Blind Gods and Broken Screens: Architecting a Secure, Intent-Centric Mobile Agent Operating System

The evolution of Large Language Models (LLMs) has shifted mobile computing from App-centric interactions to system-level autonomous agents. Current implementations predominantly rely on a "Screen-as-Interface" paradigm, which inherits structural vulnerabilities and conflicts with the mobile ecosystem's economic foundations. In this paper, we conduct a systematic security analysis of state-of-the-art mobile agents using Doubao Mobile Assistant as a representative case. We decompose the threat landscape into four dimensions - Agent Identity, External Interface, Internal Reasoning, and Action Execution - revealing critical flaws such as fake App identity, visual spoofing, indirect prompt injection, and unauthorized privilege escalation stemming from a reliance on unstructured visual data.

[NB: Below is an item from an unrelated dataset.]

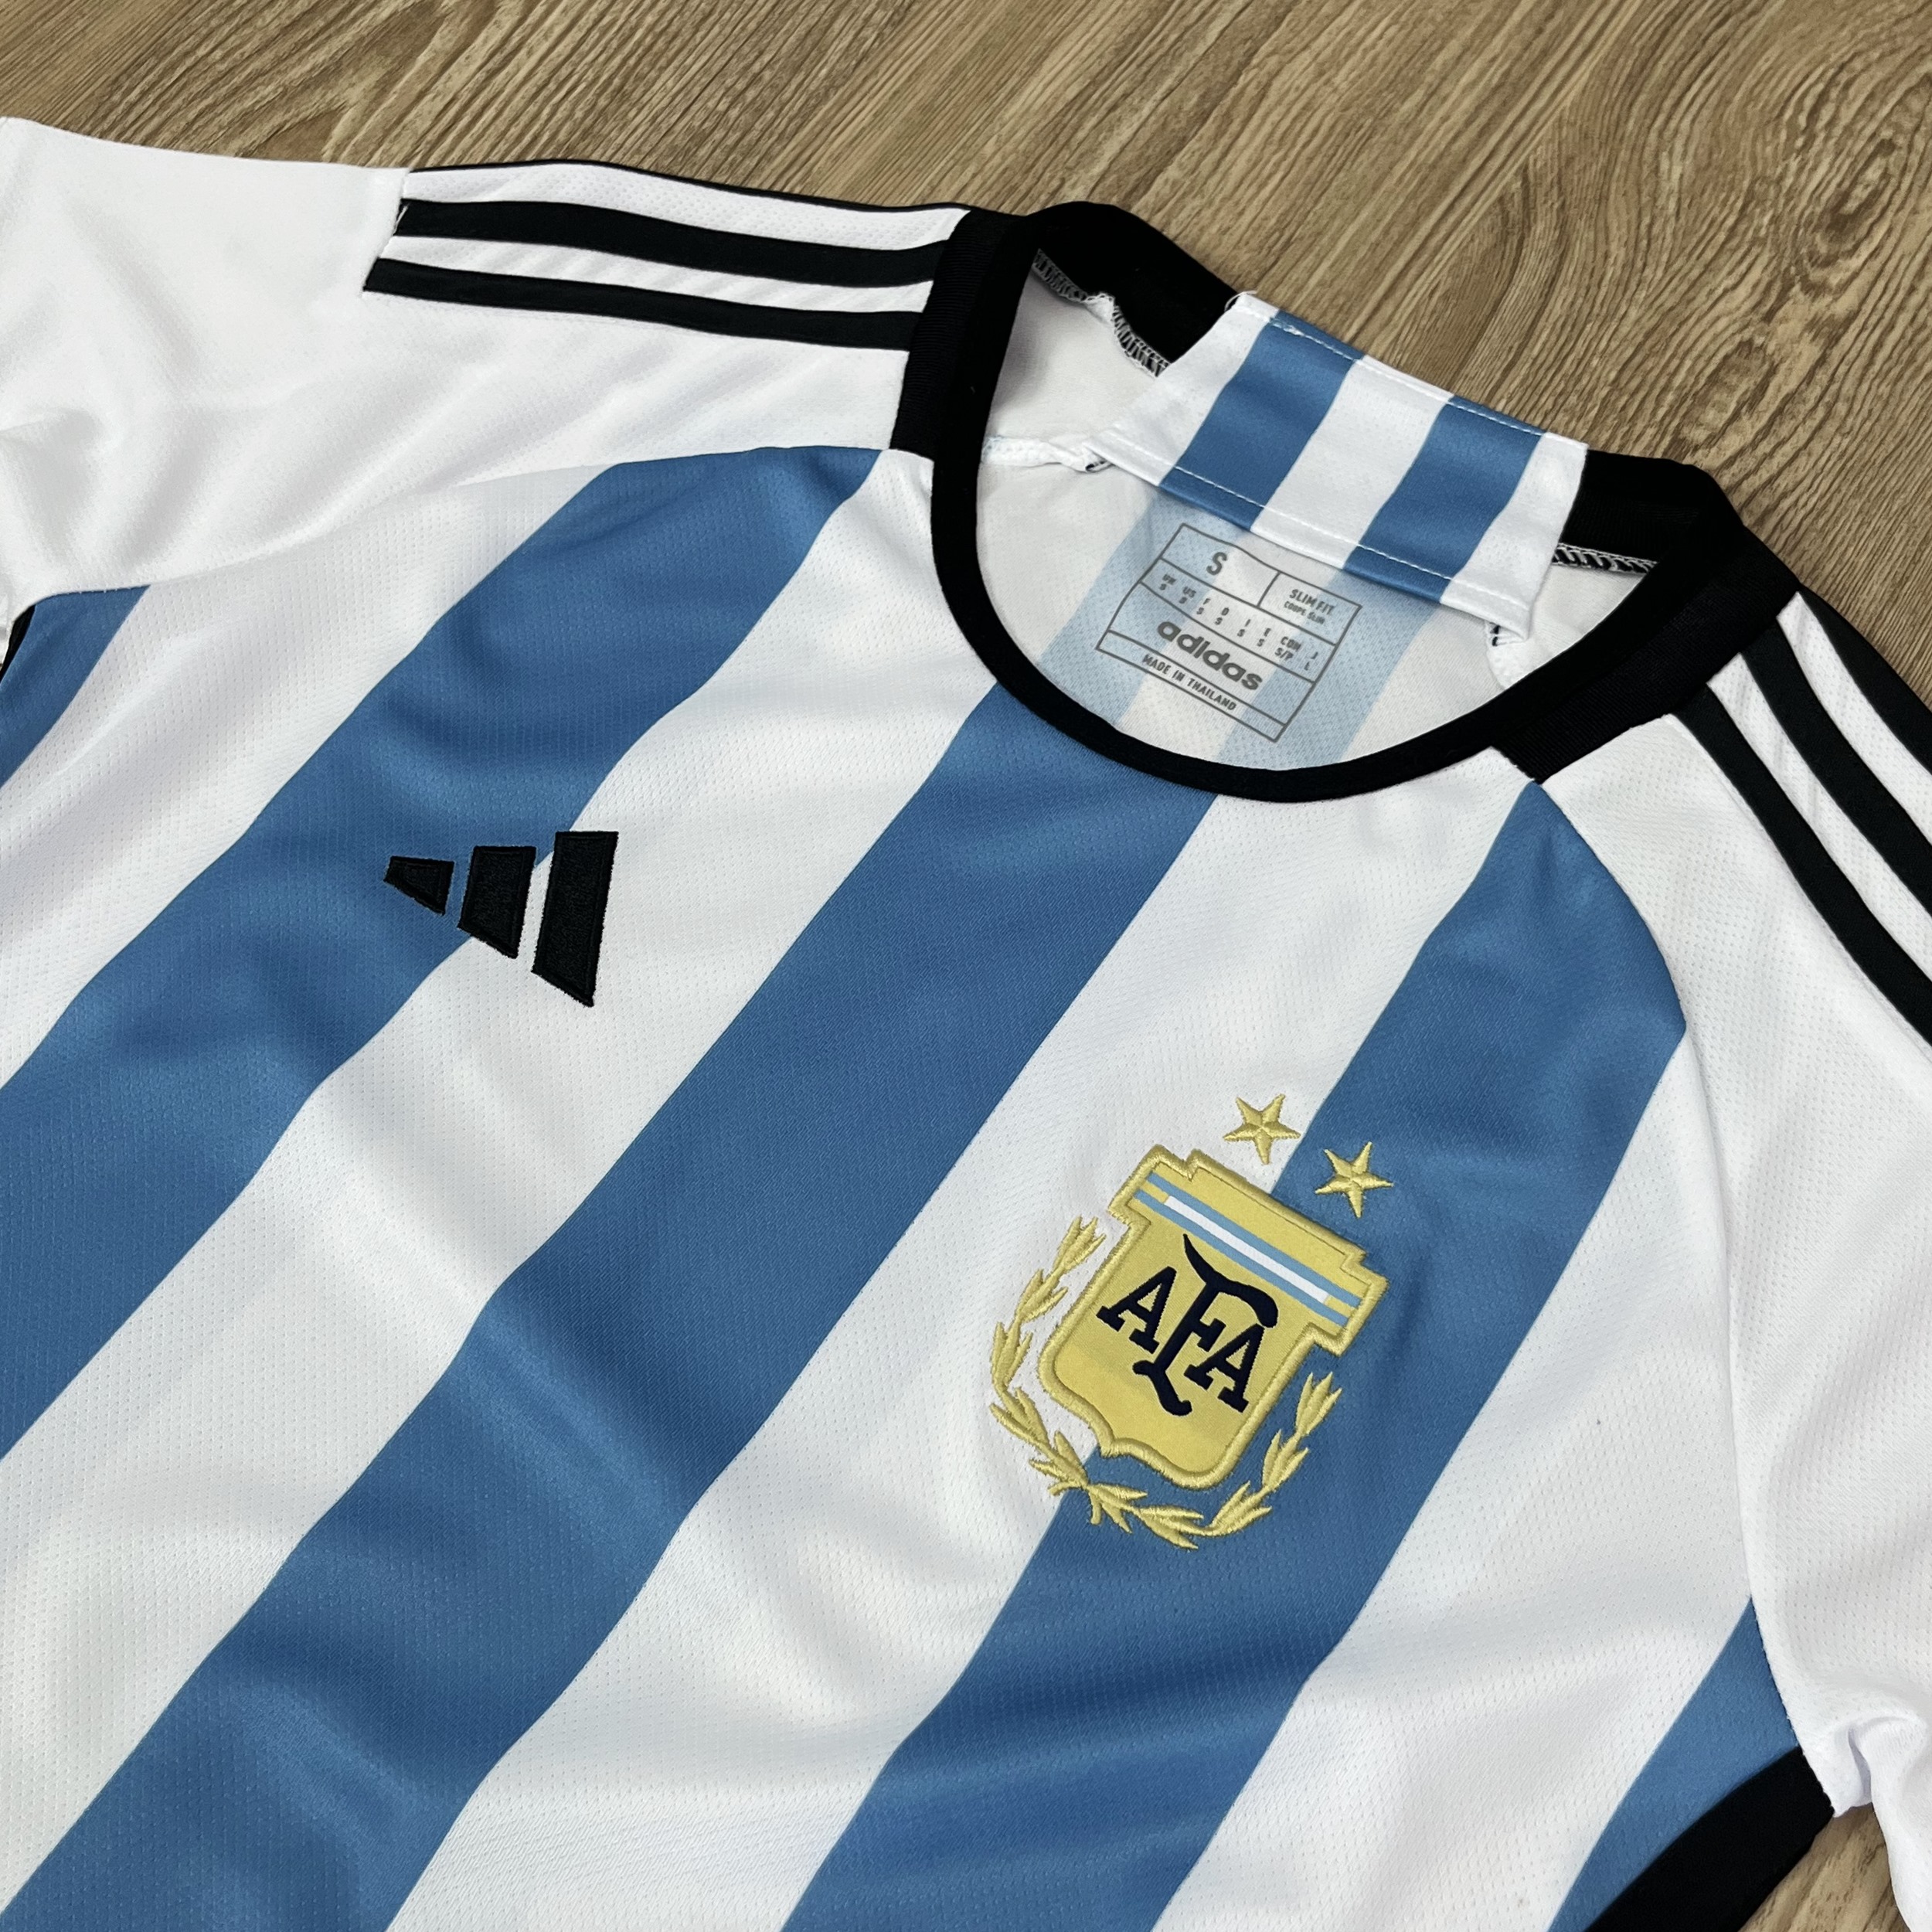 มุมมองเพิ่มเติมเกี่ยวกับ เสื้อบอลผู้หญิง เสื้อบอลทีม Argentine แบบเดียวกับต้นฉบับ รับประกันคุณภาพ เกรดAAA

To address these challenges, we propose Aura, an Agent Universal Runtime Architecture for a clean-slate secure agent OS. Aura replaces brittle GUI scraping with a structured, agent-native interaction model. It adopts a Hub-and-Spoke topology where a privileged System Agent orchestrates intent, sandboxed App Agents execute domain-specific tasks, and the Agent Kernel mediates all communication. The Agent Kernel enforces four defense pillars: (i) cryptographic identity binding via a Global Agent Registry; (ii) semantic input sanitization through a multilayer Semantic Firewall; (iii) cognitive integrity via taint-aware memory and plan-trajectory alignment; and (iv) granular access control with non-deniable auditing. Evaluation on MobileSafetyBench shows that, compared to Doubao, Aura improves low-risk Task Success Rate from roughly 75% to 94.3%, reduces high-risk Attack Success Rate from roughly 40% to 4.4%, and achieves near-order-of-magnitude latency gains. These results demonstrate Aura as a viable, secure alternative to the "Screen-as-Interface" paradigm.

翻译：大型语言模型（LLMs）的发展正将移动计算从以应用为中心的交互模式转向系统级自主智能体。当前的实现主要依赖于“屏幕即接口”范式，该范式继承了结构性安全漏洞，并与移动生态系统的经济基础相冲突。本文以豆包移动助手为代表案例，对最先进的移动智能体进行了系统性安全分析。我们将威胁格局分解为四个维度——智能体身份、外部接口、内部推理和动作执行——揭示了因依赖非结构化视觉数据而产生的关键缺陷，例如虚假应用身份、视觉欺骗、间接提示注入和未经授权的权限提升。为应对这些挑战，我们提出了Aura，一种用于全新安全智能体操作系统的智能体通用运行时架构。Aura以结构化的、智能体原生的交互模型取代了脆弱的GUI抓取。它采用中心辐射型拓扑结构，其中特权系统智能体编排意图，沙盒化的应用智能体执行特定领域任务，而智能体内核则仲裁所有通信。智能体内核强制执行四大防御支柱：（i）通过全局智能体注册表实现加密身份绑定；（ii）通过多层语义防火墙进行语义输入净化；（iii）通过污点感知内存和计划轨迹对齐保障认知完整性；（iv）通过不可否认审计实现细粒度访问控制。在MobileSafetyBench上的评估表明，与豆包相比，Aura将低风险任务成功率从约75%提升至94.3%，将高风险攻击成功率从约40%降低至4.4%，并实现了近数量级的延迟增益。这些结果证明了Aura是“屏幕即接口”范式的一个可行且安全的替代方案。